# howto limit / block upload traffic of an application

## musv

Hi, 

I'm using Qsopcast for my wife to watch Brazilian TV. It's the only possibility for her to get something of GloboTV. 

Now my special problem: 

Sopcast works as a p2p-app. It means, I can download the TV in the same way I have to upload the streams. My internet connection is provided by the university where I live in a dormitory. I have a 100 MBit flat here but with a limit of 10 GB each day. If I use more then they will cut my connection for some weeks. The day before yesterday my wife watched Sopcast for several hours and forgot to shutdown it afterwards. In result: I had 2 GB download and 20 GB upload that day. 

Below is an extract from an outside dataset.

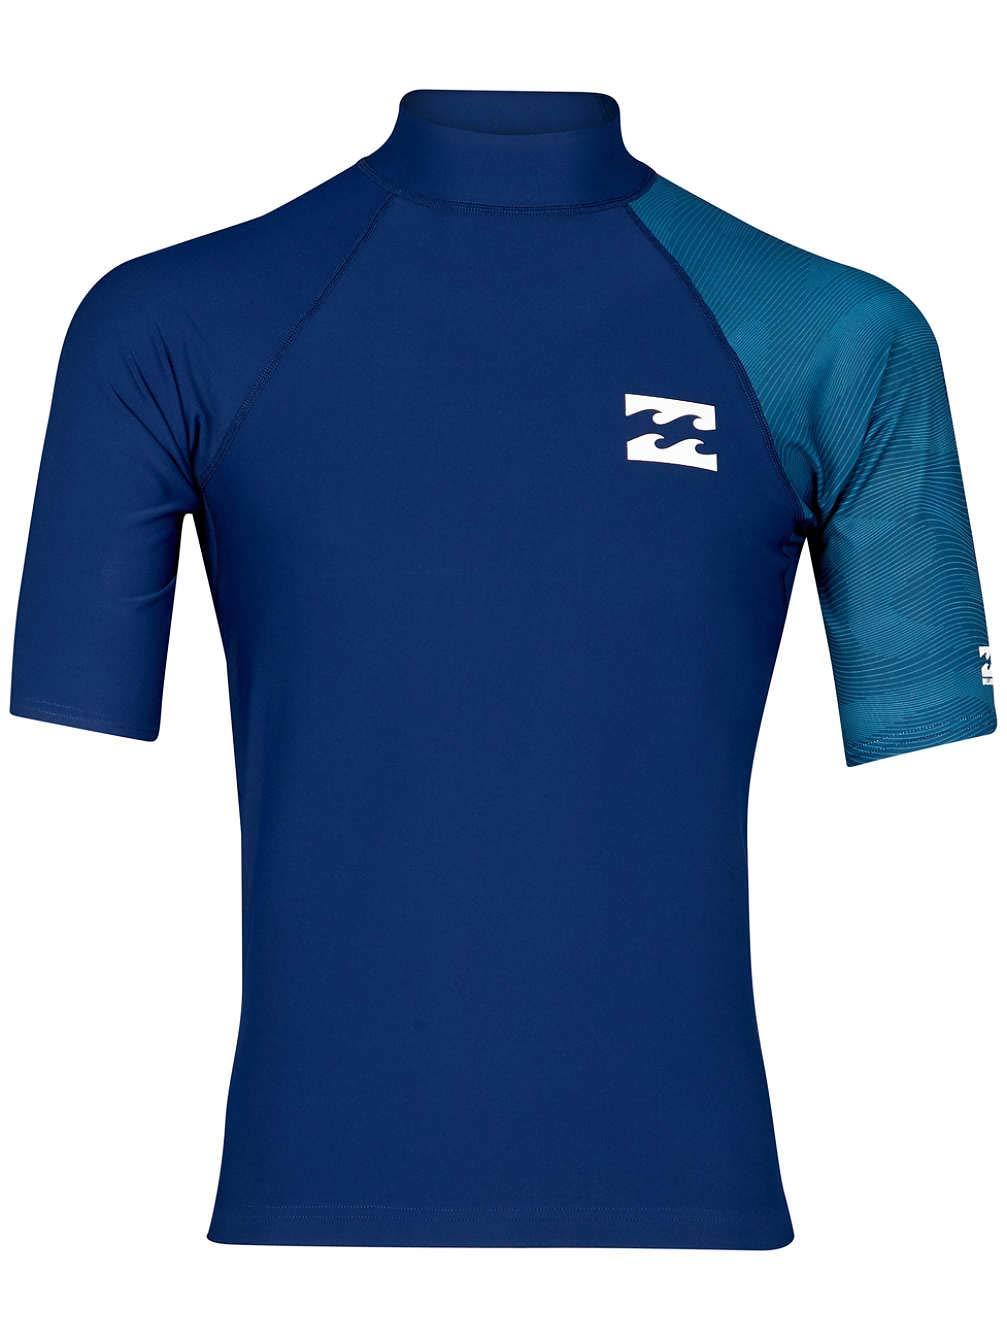 Billabong Unity manica corta Rash Vest in blu scuro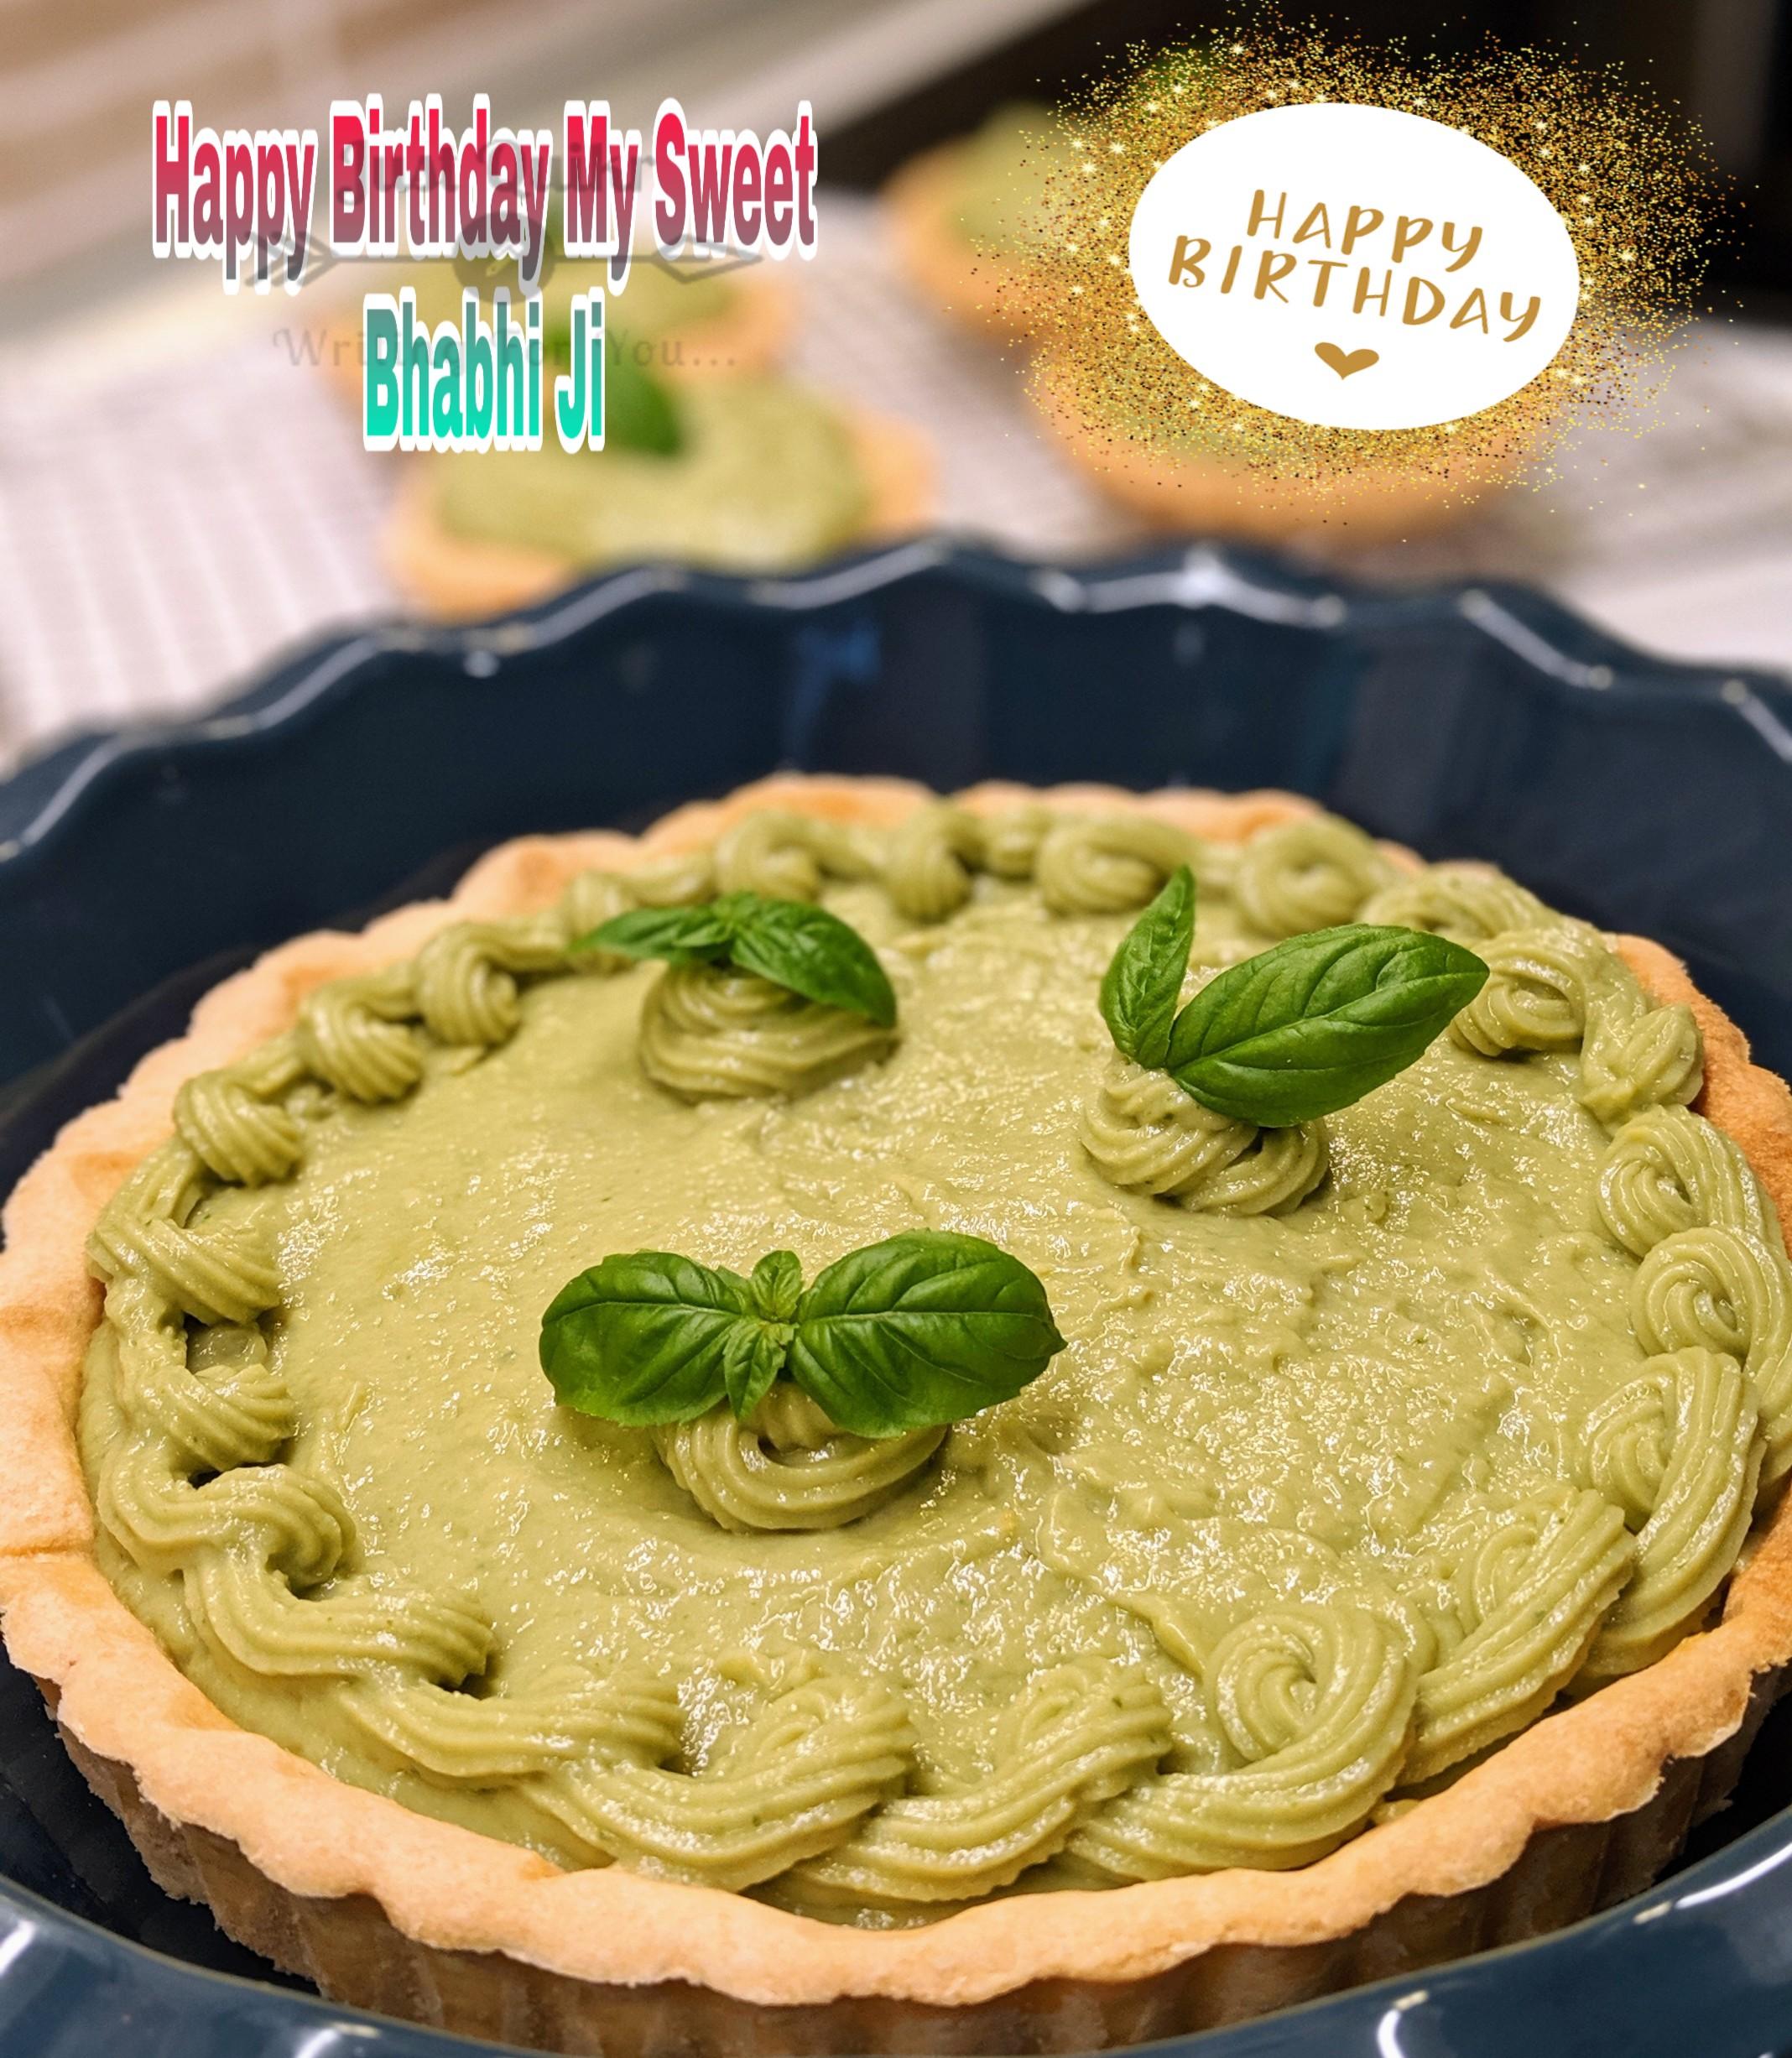 Special Unique Happy Birthday Cake HD Pics Images for Bhabhi Ji

Most of the p2p-apps I know have an option to limit the download and upload rate (Azureus, aMule). Sopcast doesn't have. 

1. How can I identify the upload port of Sopcast?

2. How can I limit or block the upload stream of Sopcast in a simple way?

----------

## frostschutz

In general there is l7-filter for identifying protocols, but sopcast doesn't seem to be listed there. Maybe it is using another, better known protocol that is supported? Otherwise you'd have to add an iptables logging facility to find out what kind of traffic this software generates, and devise some means to filter it based on that. Then you could create some QoS shaping rules that will limit your applications upstream.

If sopcast is running on your own local machine, and not on a machine in the network, an easier method may be available, it may be possible to assign traffic based to local running processes, and thus limit the process itself no matter which kind of traffic it generates. I think this was possible using some iptables extension, but I forget the exact name...

EDIT:

Ah, iptables owner match support may be it. Mark all packets that are owned by the process you want to limit, and put those packets into a low bandwidth QoS class.

----------